• Goal of the exercise
Output exactly the lines from the line that has "Our dog Tilda" through the last line of the data below, with no pictures.

-- Supplied information follows --

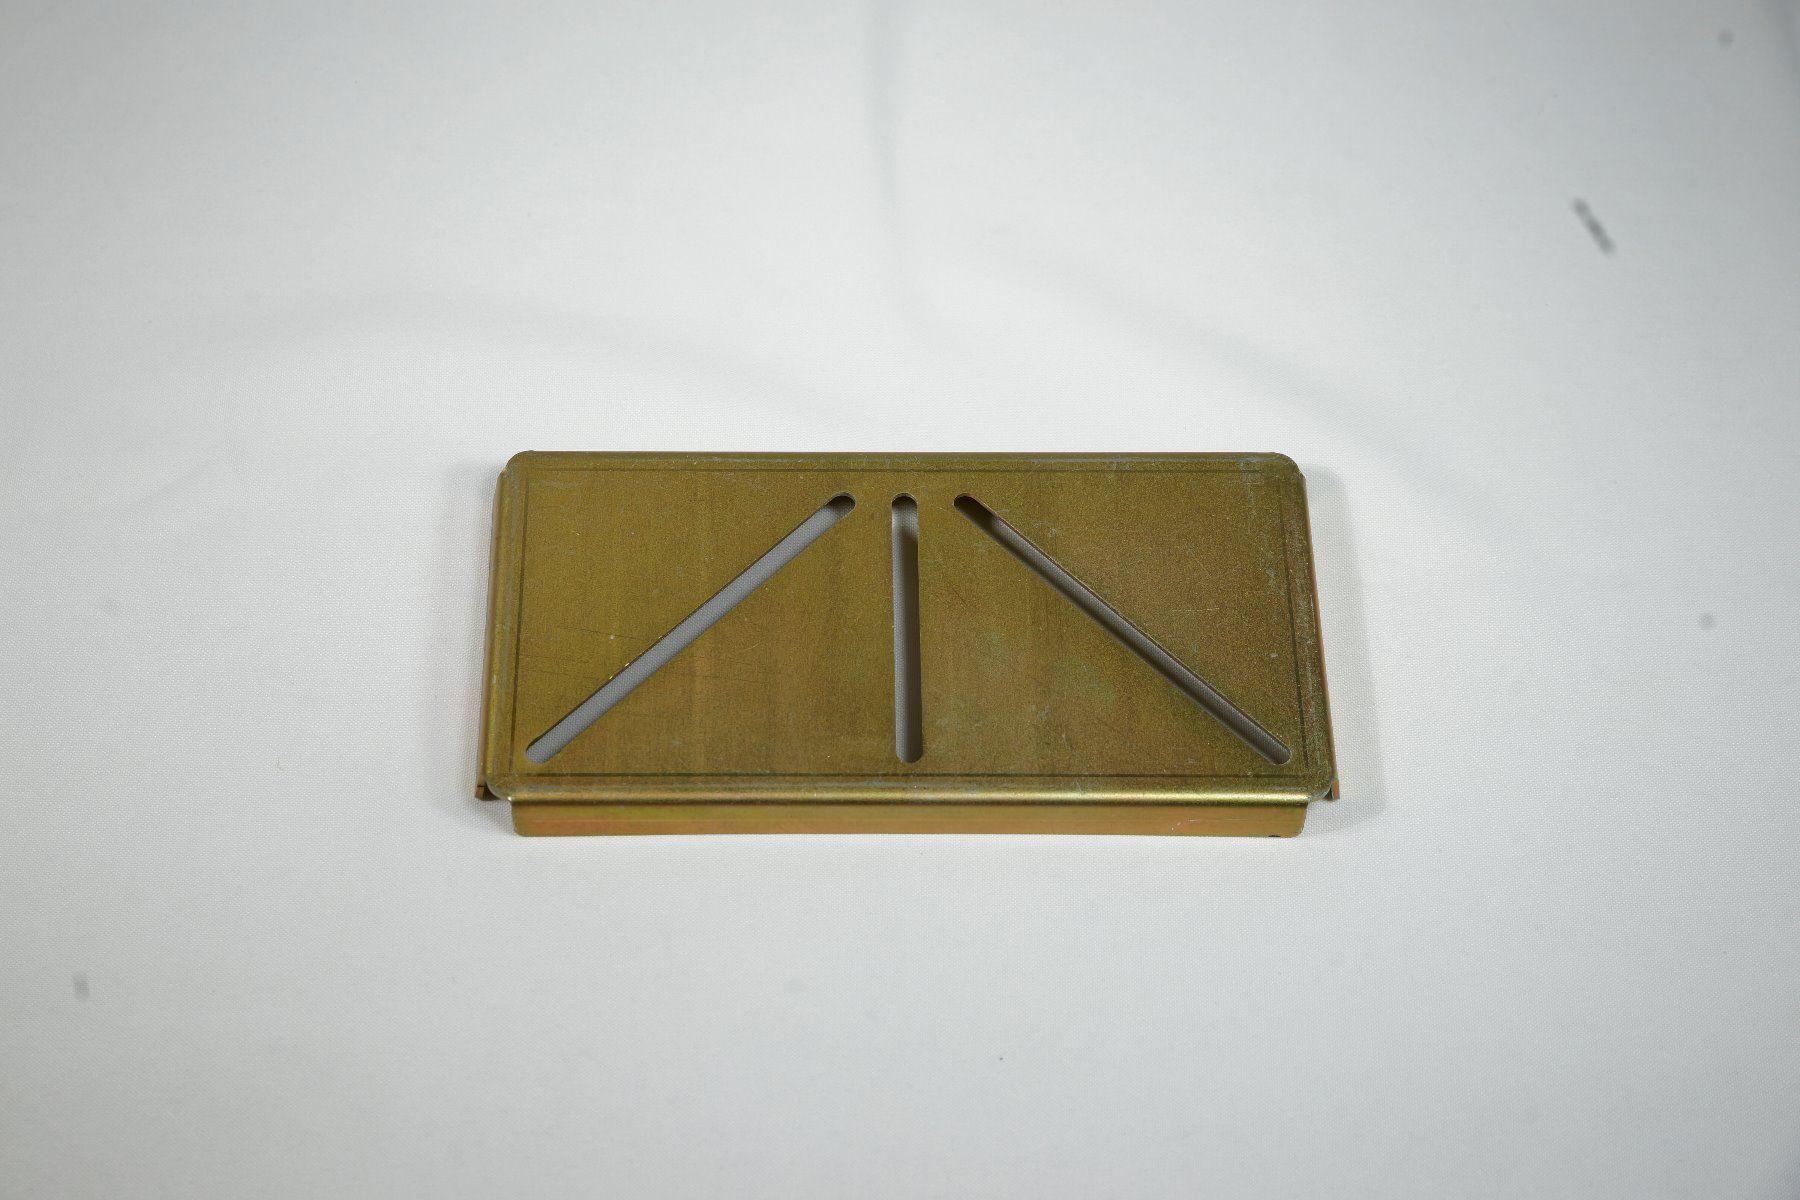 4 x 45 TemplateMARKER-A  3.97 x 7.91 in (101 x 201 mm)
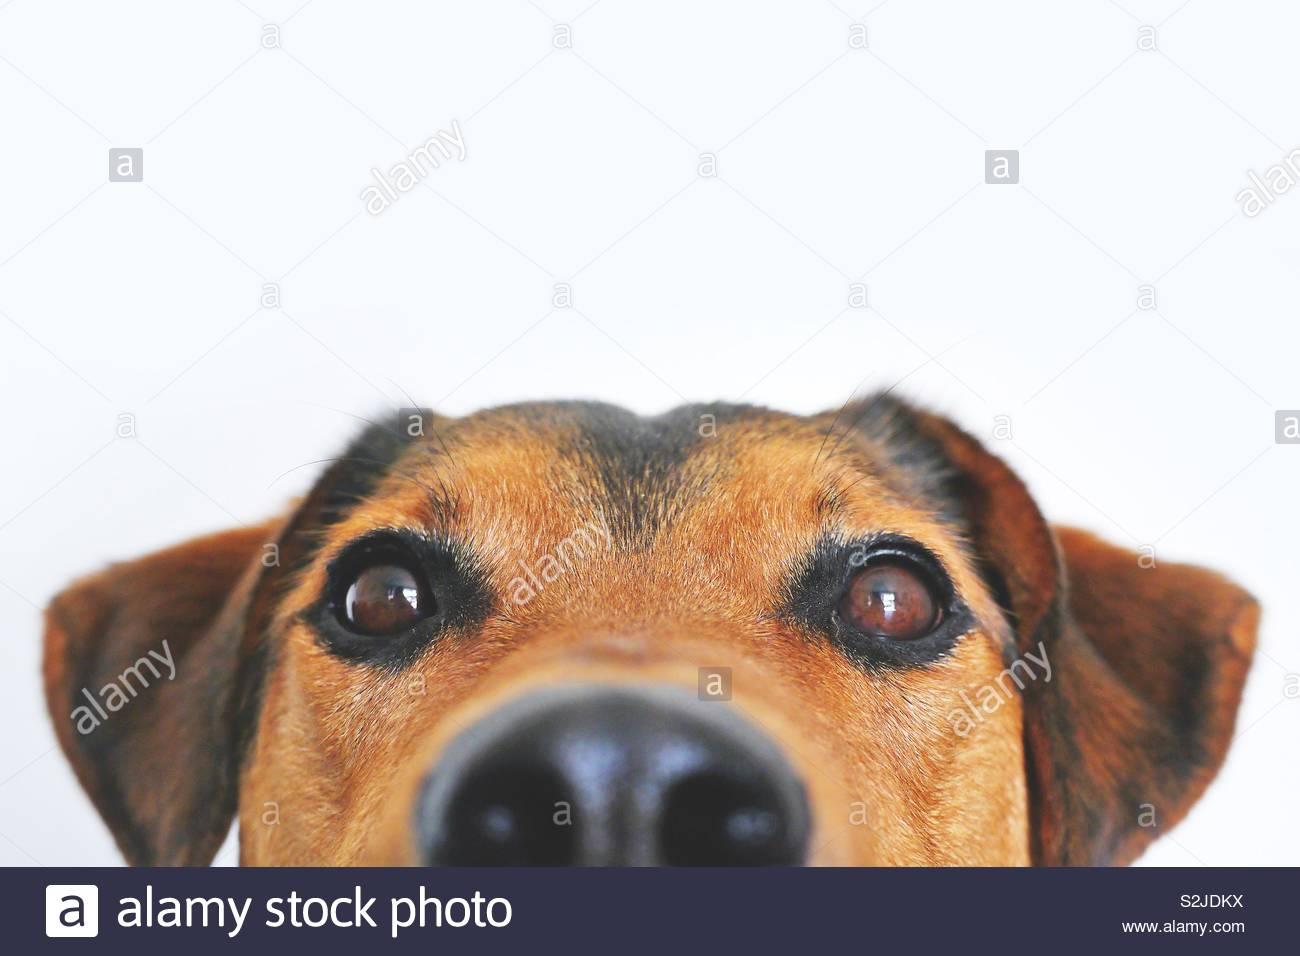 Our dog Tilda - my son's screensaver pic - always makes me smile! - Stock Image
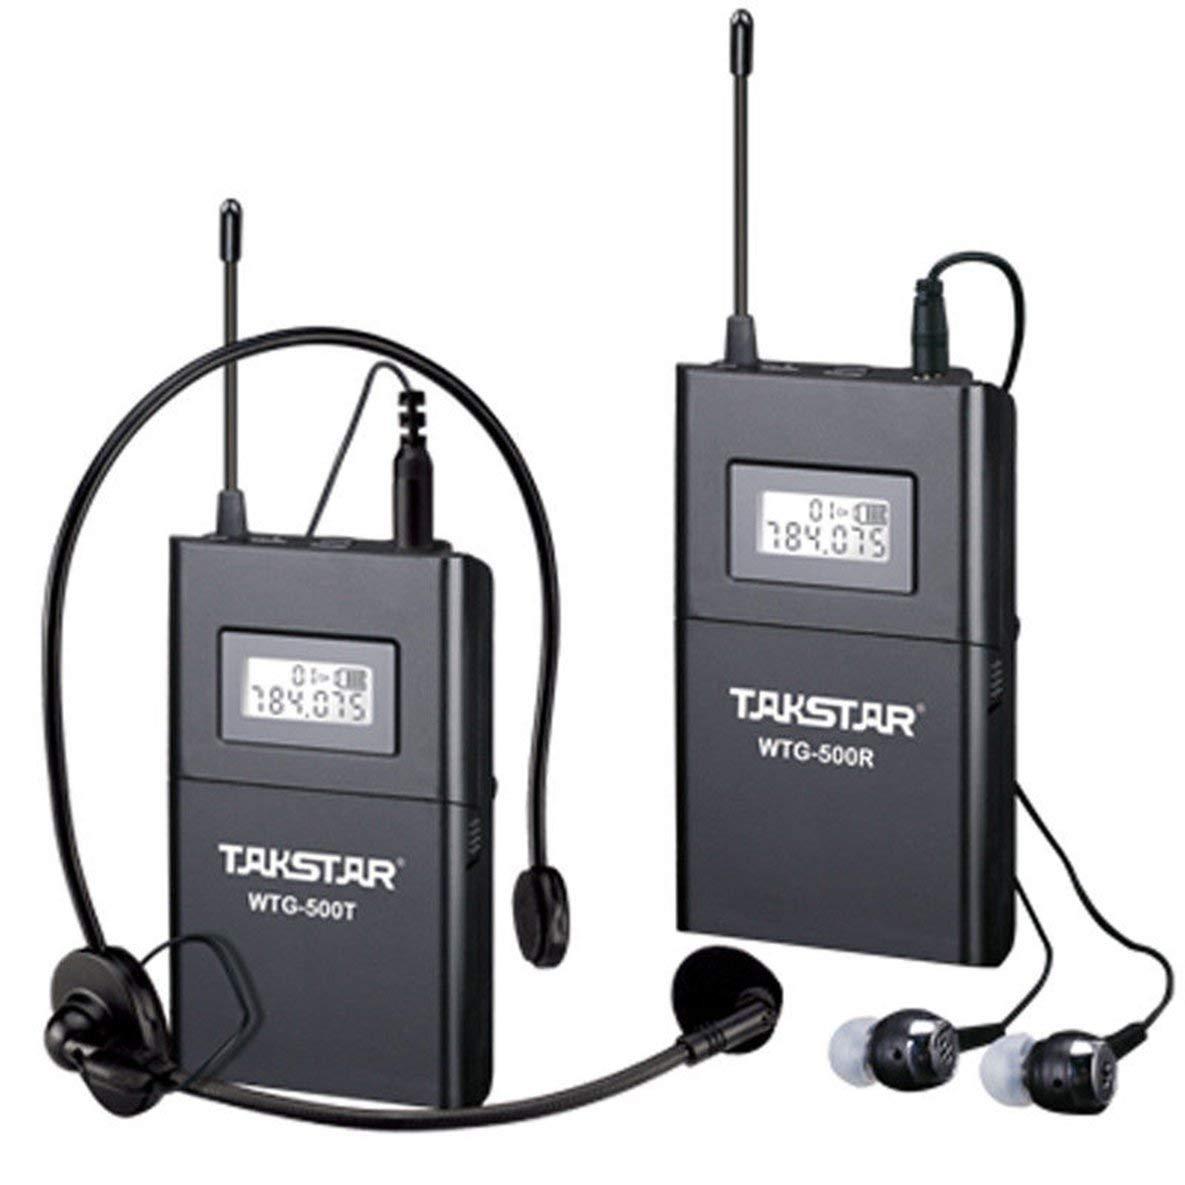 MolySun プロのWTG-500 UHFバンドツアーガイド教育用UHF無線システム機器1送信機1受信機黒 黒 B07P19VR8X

-- Supplied information concluded --

• Output of the exercise
 Our dog Tilda - my son's screensaver pic - always makes me smile! - Stock Image
 MolySun プロのWTG-500 UHFバンドツアーガイド教育用UHF無線システム機器1送信機1受信機黒 黒 B07P19VR8X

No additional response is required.